### THE DATA:

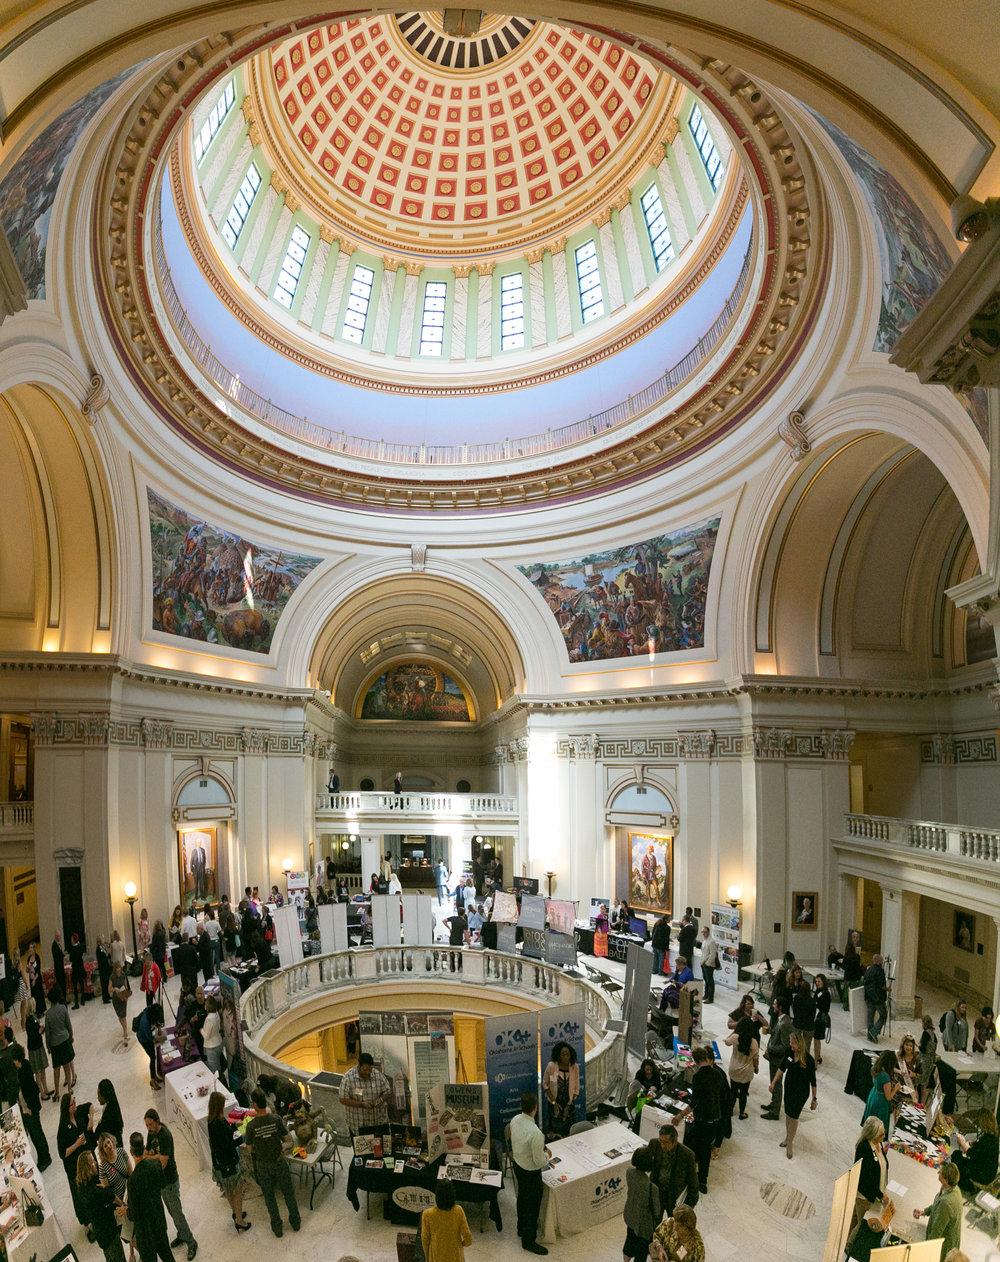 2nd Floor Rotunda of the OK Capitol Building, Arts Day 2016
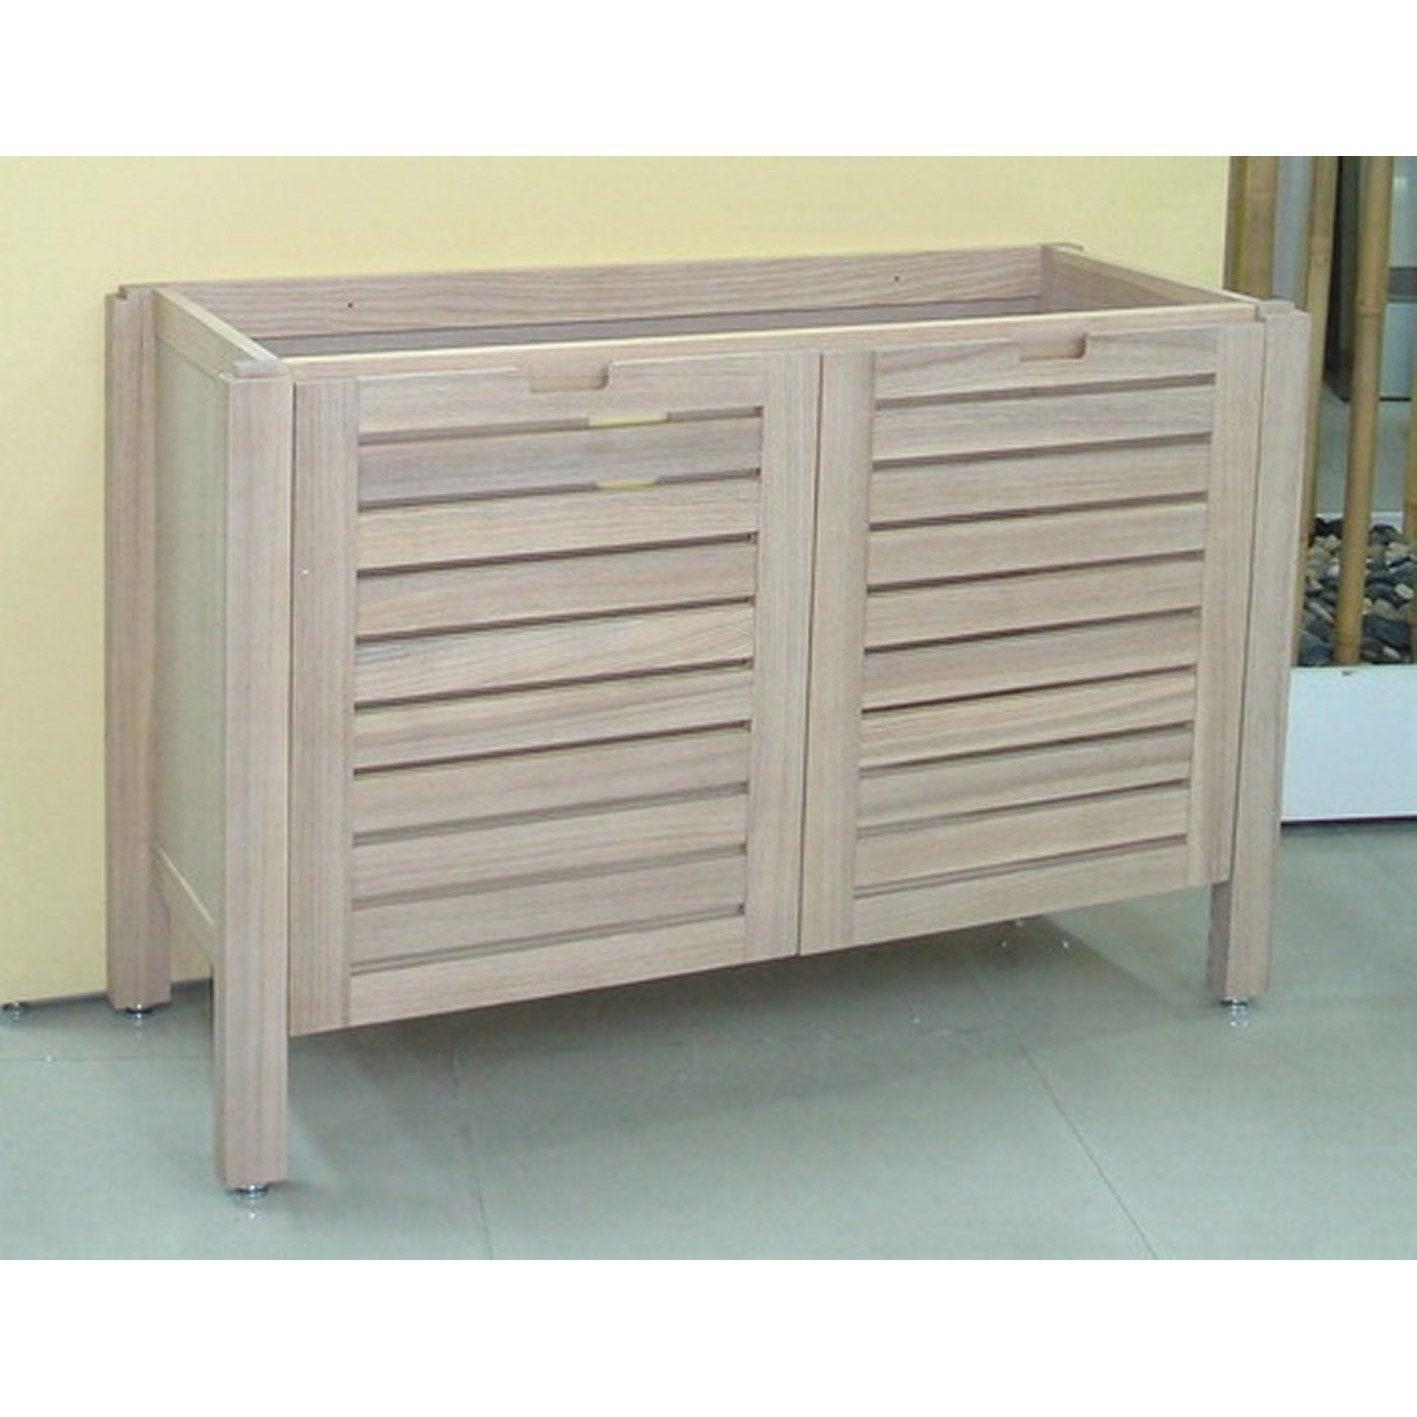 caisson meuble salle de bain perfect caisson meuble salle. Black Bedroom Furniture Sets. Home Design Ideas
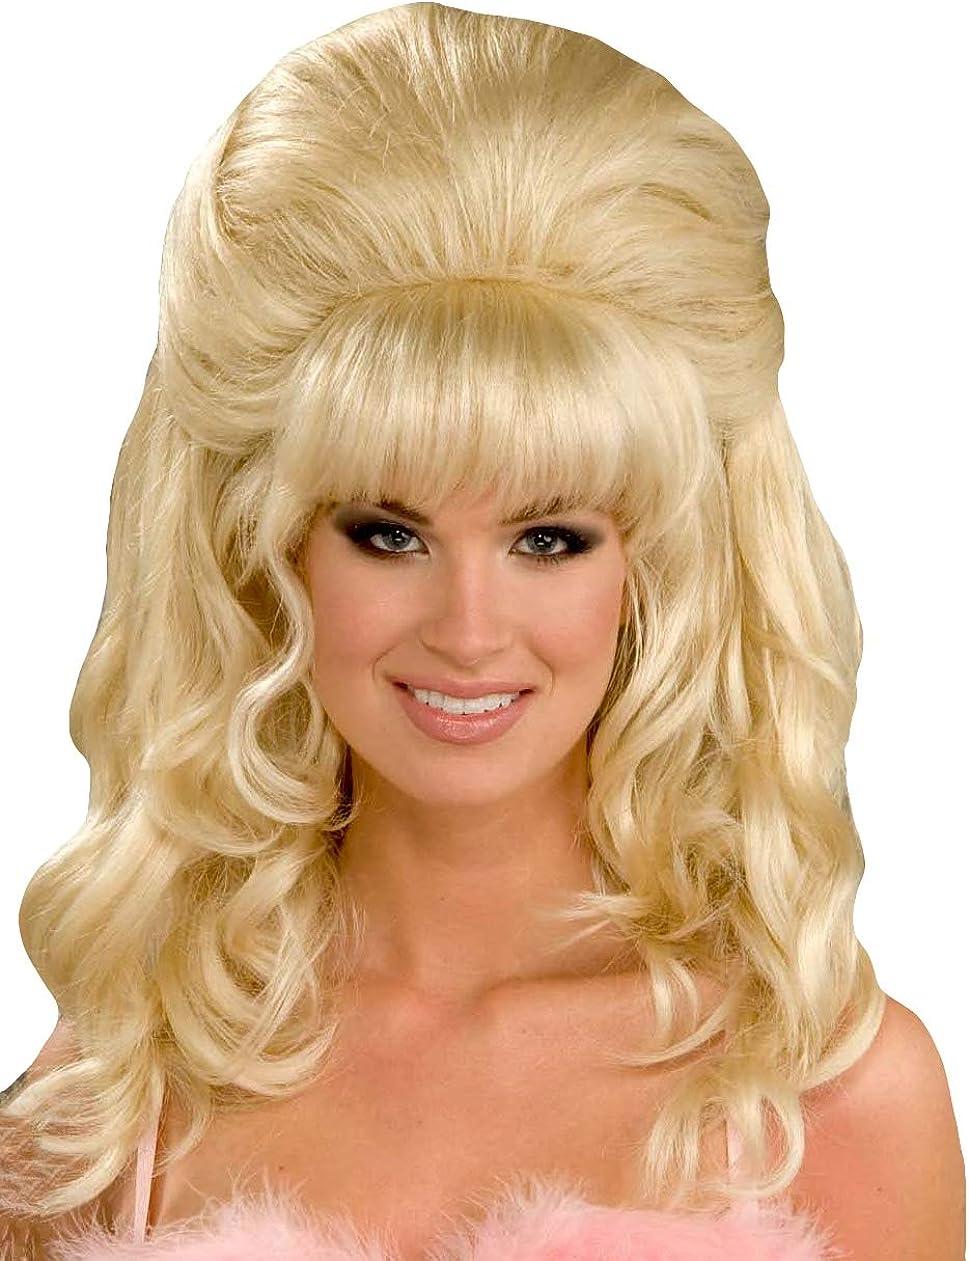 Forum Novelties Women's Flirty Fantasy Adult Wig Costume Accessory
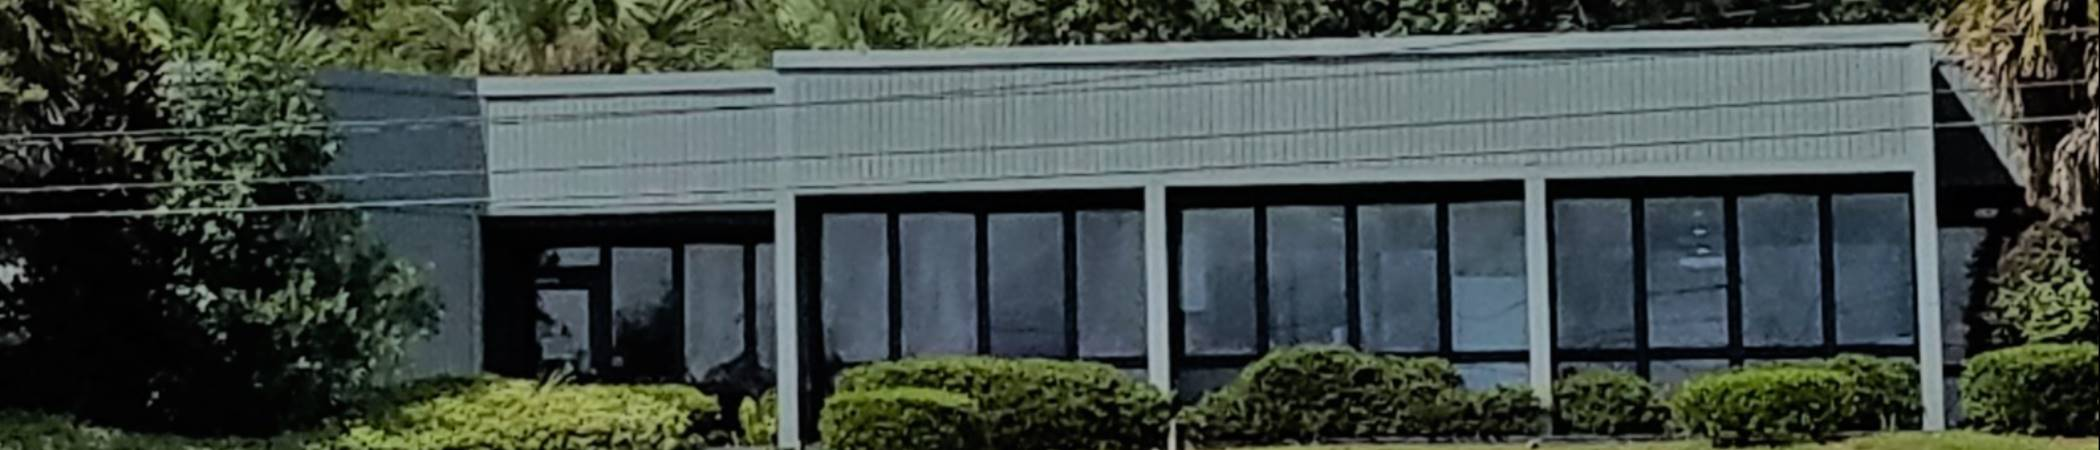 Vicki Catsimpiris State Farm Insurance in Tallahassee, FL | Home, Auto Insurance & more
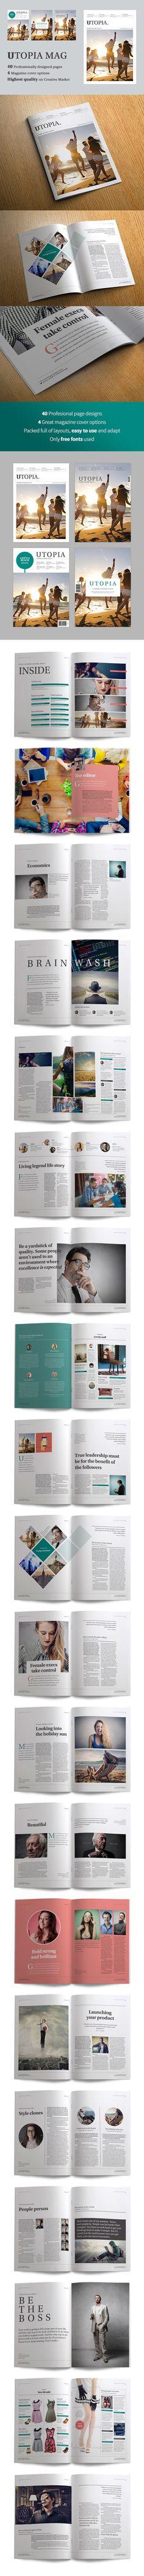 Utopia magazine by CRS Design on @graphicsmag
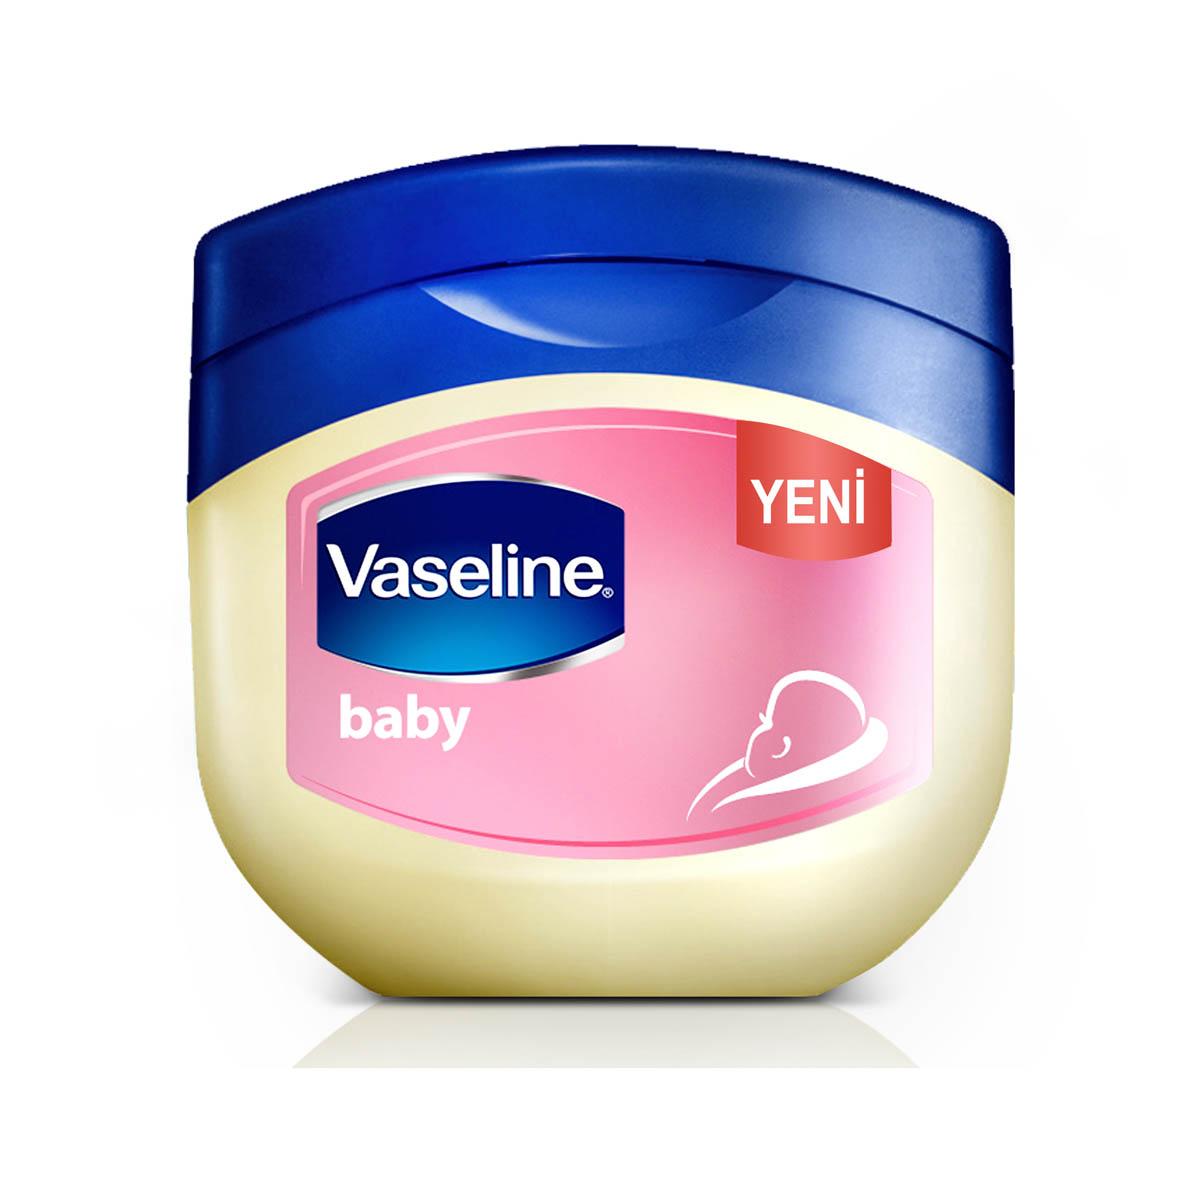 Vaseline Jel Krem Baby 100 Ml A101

### TASK GOAL:
Exact duplicates of all the entries are required, and no image may appear in them.

### RESULT:
 2nd Floor Rotunda of the OK Capitol Building, Arts Day 2016
 caisson meuble salle de bain perfect caisson meuble salle. Black Bedroom Furniture Sets. Home Design Ideas
 Forum Novelties Women's Flirty Fantasy Adult Wig Costume Accessory
 Vicki Catsimpiris State Farm Insurance in Tallahassee, FL | Home, Auto Insurance & more
 Utopia magazine by CRS Design on @graphicsmag
 Vaseline Jel Krem Baby 100 Ml A101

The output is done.